La titularisation de la doublette Pavard/Hernandez est surtout liée à la fragilité physique des deux titulaires habituels. Mais pour ce qui est de l'attaque Mbappé/Dembélé/Griezmann et du milieu Pogba/Kanté/Tolisso, DD semblait avoir enfin compris le sens de l'histoire. Du moins, il avait accepté de raconter celle que voulaient entendre tous ceux qui pensent qu'ils feraient mieux que lui à son poste. Et dans une nation qui compte 65 millions de sélectionneurs, ça fait du monde. Sauf qu'au coup de sifflet final, le constat est là : l'équipe de France a mieux joué dans le dernier quart d'heure de jeu une fois que Giroud et Matuidi étaient entrés sur le terrain que pendant les 75 minutes qui ont précédé.

Pas du FIFA


À la limite, accordons aux Bleus les cinq premières minutes au cours desquelles ils ont un peu secoué les Australiens. Et ensuite, le néant. Complètement crispés, les Français ont eu besoin d'un penalty loin d'être indiscutable et validé par la VAR, puis d'un but adoubé par la goal-line technology qui est à moitié un CSC pour arracher leur victoire. Surtout, l'animation offensive – censée être la grande force de cette équipe, surtout avec le trio aligné en attaque – a été triste à pleurer. Mbappé a passé son temps à s'enfermer dans de tout petits espaces, en perdant le ballon quasiment à chaque fois. Ousmane Dembélé a été Ousmane Dembélé, et est toujours aussi inutile sur les attaques placées.
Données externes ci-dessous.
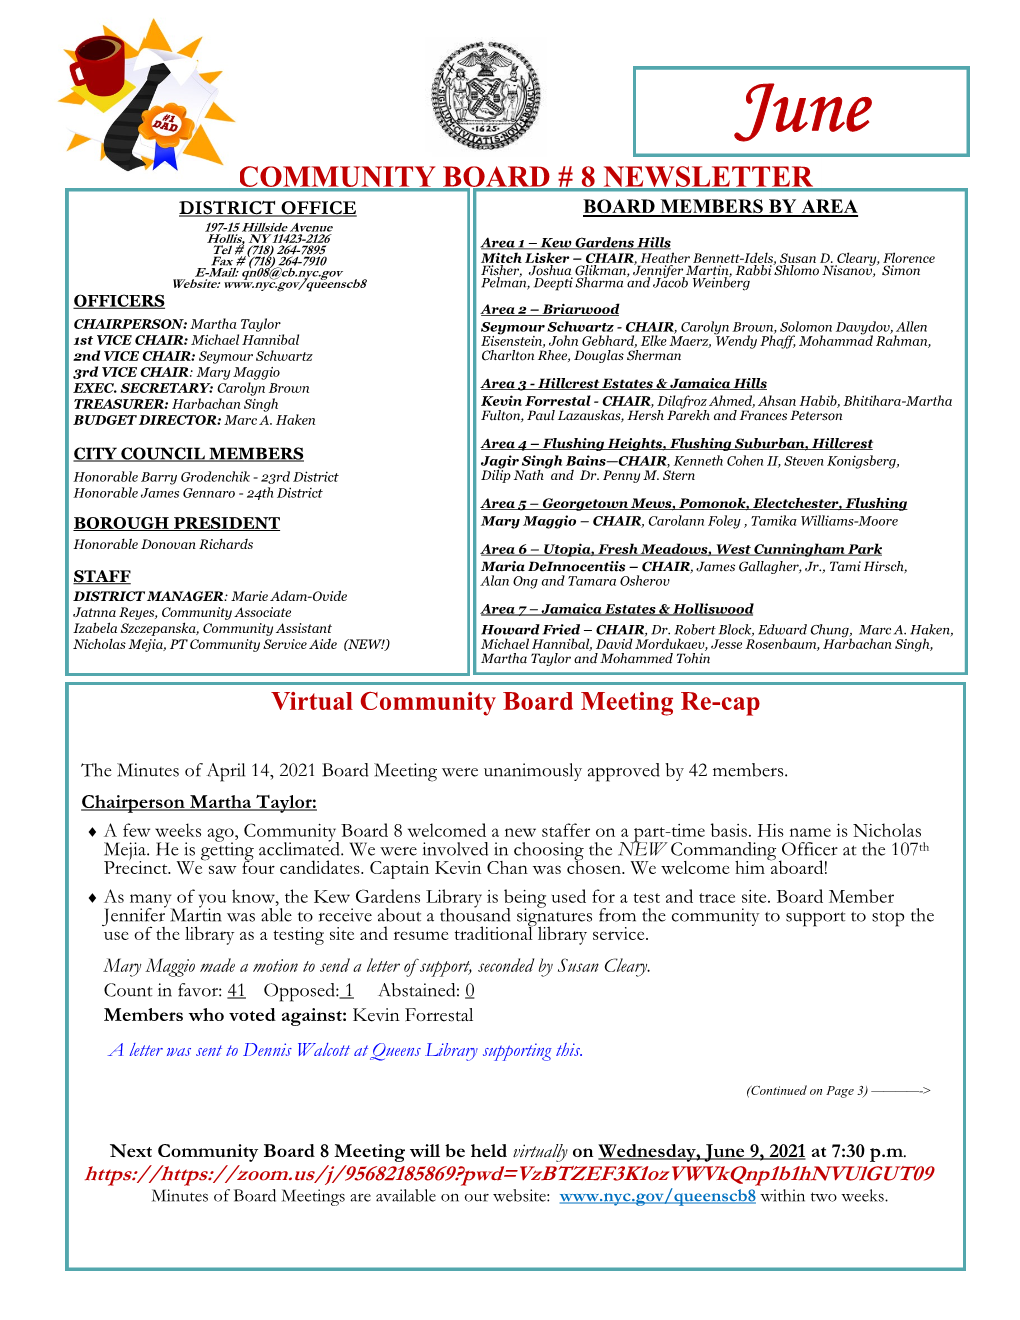 Community Board # 8 Newsletter
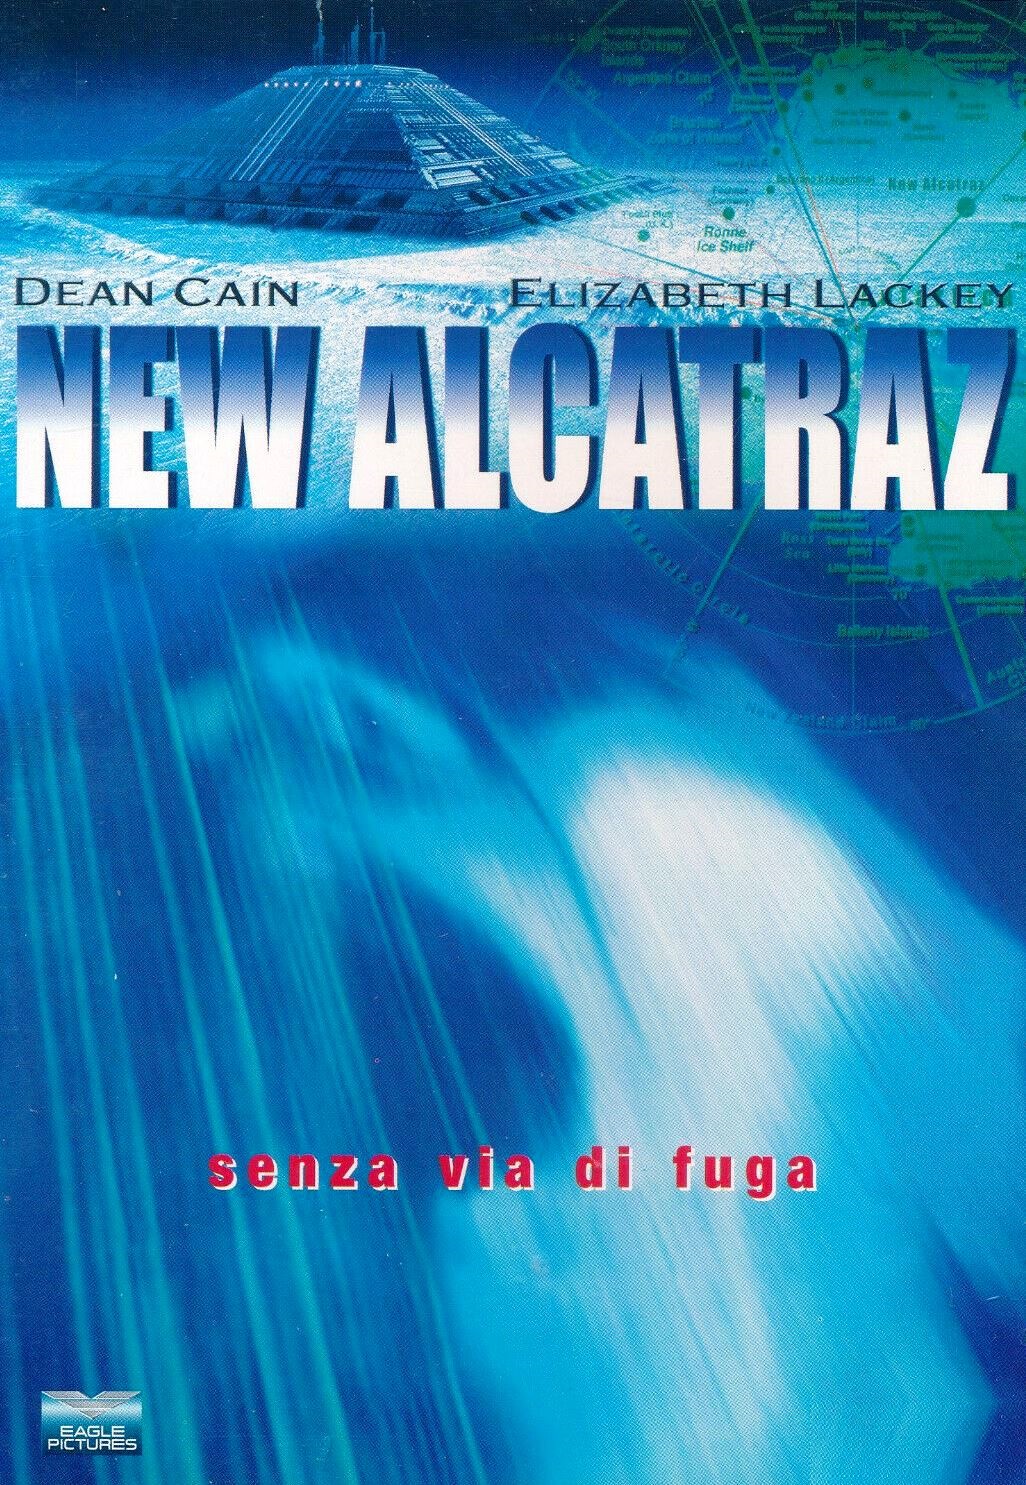 New alcatraz (2001)

Au bout du compte, les Bleus ont passé leur temps à se compliquer la vie et à tenter des choses absurdes dans ce genre de match. Et comme par hasard, le but de la victoire est arrivé une fois que Giroud et Matuidi, les deux joueurs rangés dans la catégorie des gros patauds par les boussoles sud d'internet, étaient sur la pelouse. Avec une remise du grand gaillard de Chelsea, en plus de ça. Personne n'a jamais prouvé que pour gagner un match de football, il fallait forcément d'excellents joueurs de football. Alors évidemment, avec Giroud en pointe, la France a surtout balancé des longs ballons devant en attendant qu'il les remette dos au but. Et impossible de nier que le but de la victoire est vilain. Mais il est au fond, n'en déplaisent à ceux qui pensent qu'un match de foot doit ressembler à une partie de FIFA. Au moins, la grosse frayeur de cet après-midi leur a peut-être permis de comprendre qu'on ne compose pas une équipe à l'applaudimètre.